— Problem to solve —
Skip the pictures and write out, word for word, the lines below from the one with "China South China" through the one with "Sailing Cruising Including", inclusive.

— Records —
━━━━━━━━━━━━━━━━

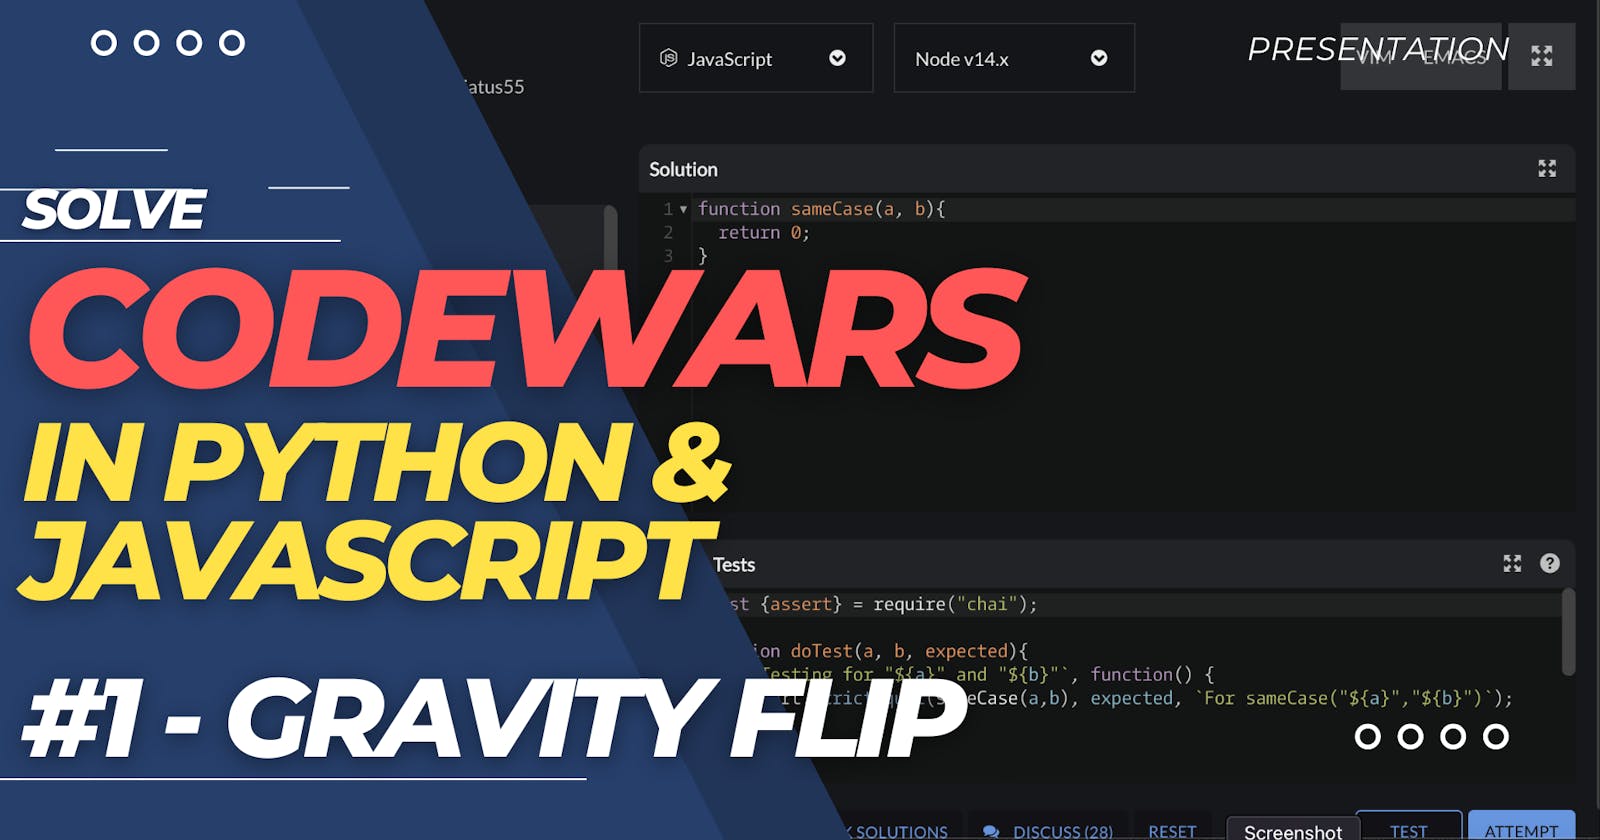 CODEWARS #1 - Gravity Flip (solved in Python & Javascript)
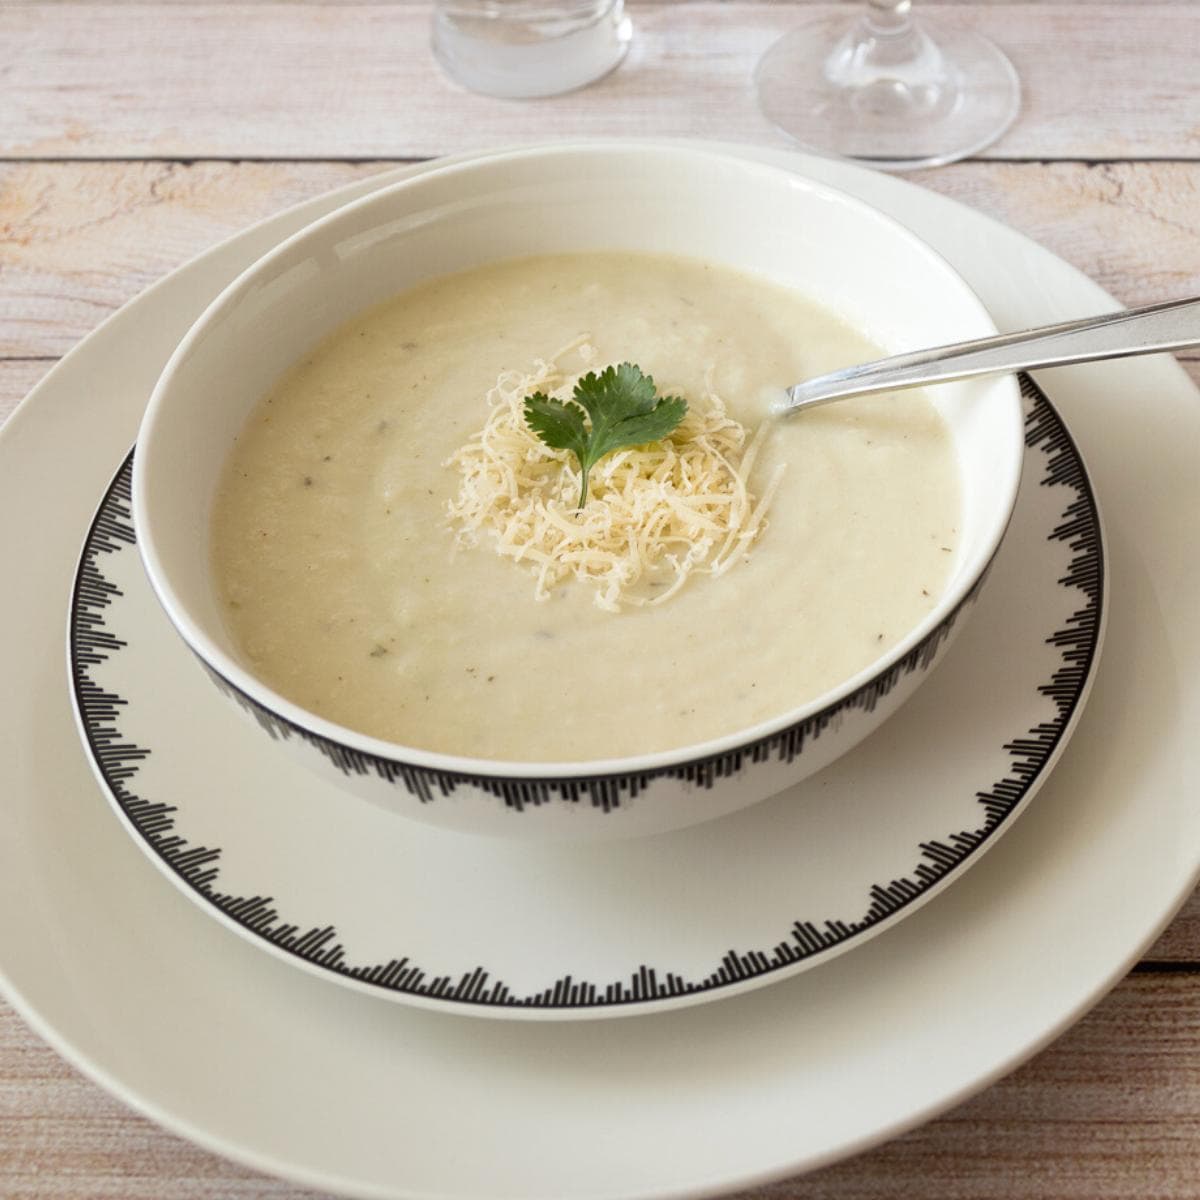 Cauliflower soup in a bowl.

━━━━━━━━━━━━━━━━

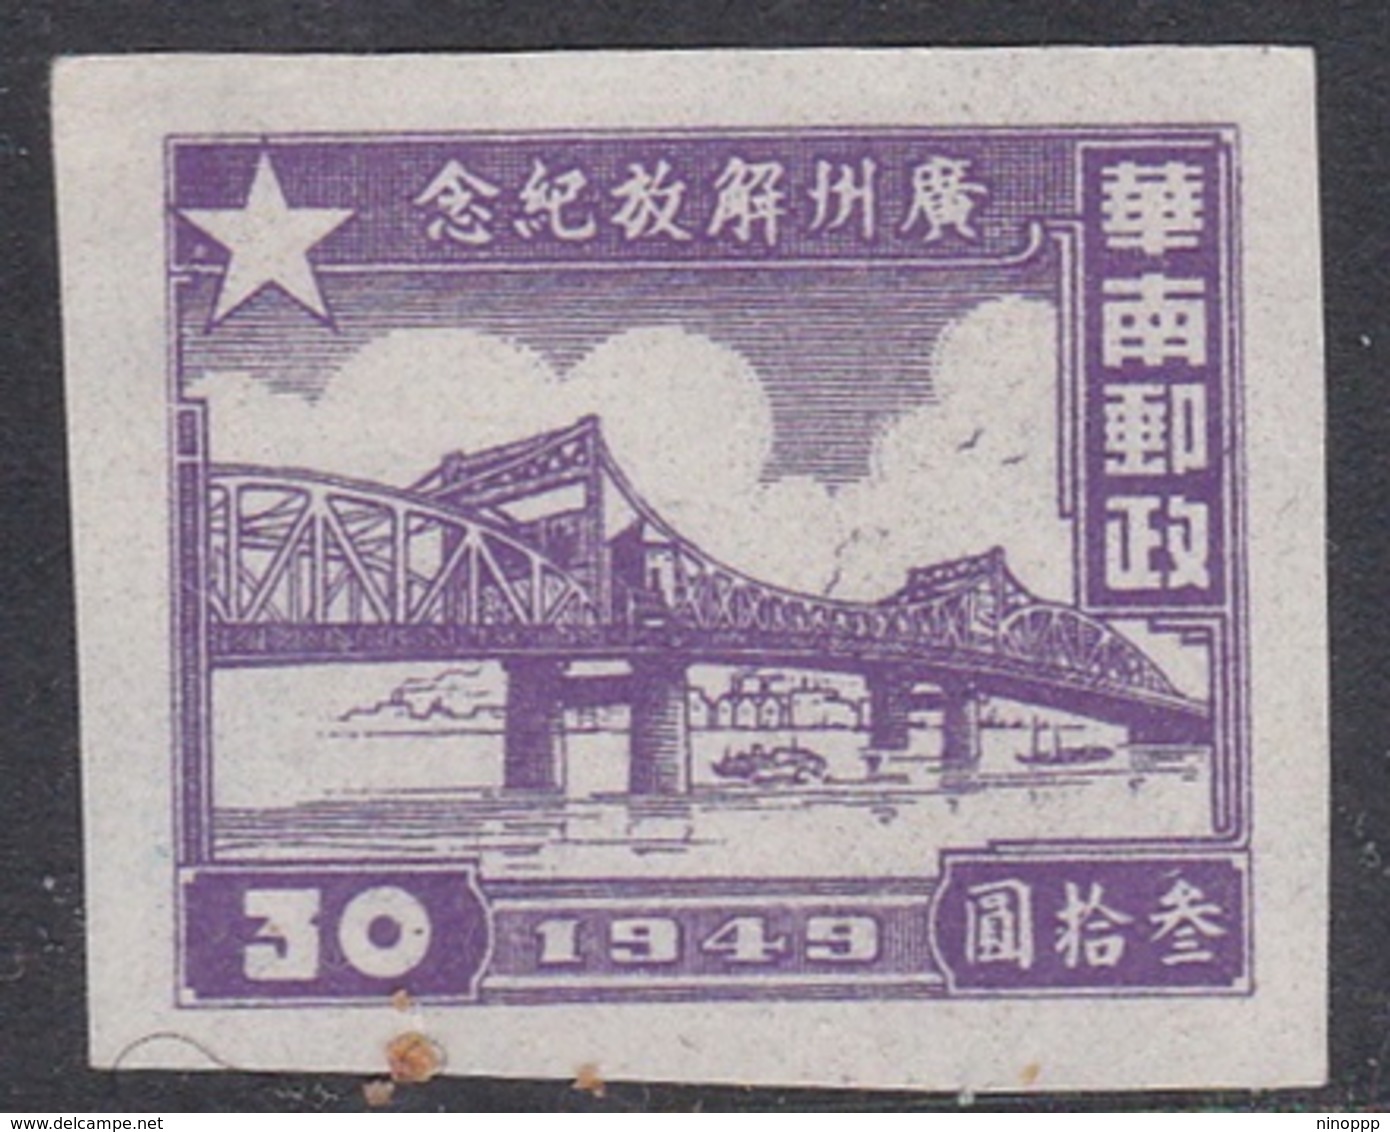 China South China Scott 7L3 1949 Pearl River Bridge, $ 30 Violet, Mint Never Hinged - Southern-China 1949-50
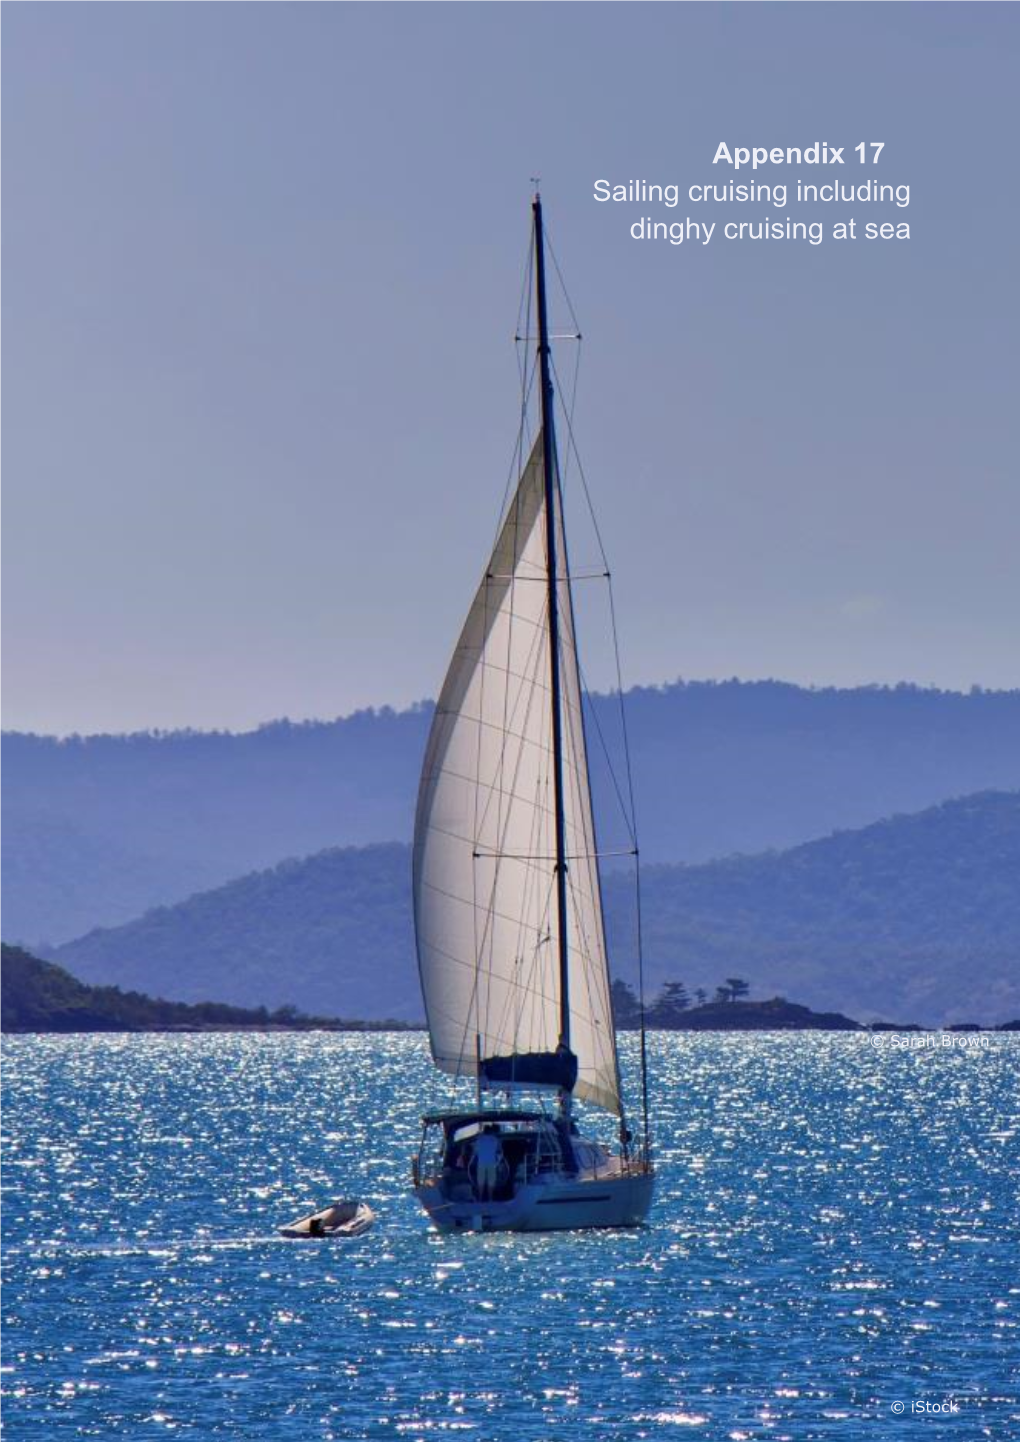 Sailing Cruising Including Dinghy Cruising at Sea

━━━━━━━━━━━━━━━━

— Answer below —
 China South China Scott 7L3 1949 Pearl River Bridge, $ 30 Violet, Mint Never Hinged - Southern-China 1949-50
 Sailing Cruising Including Dinghy Cruising at Sea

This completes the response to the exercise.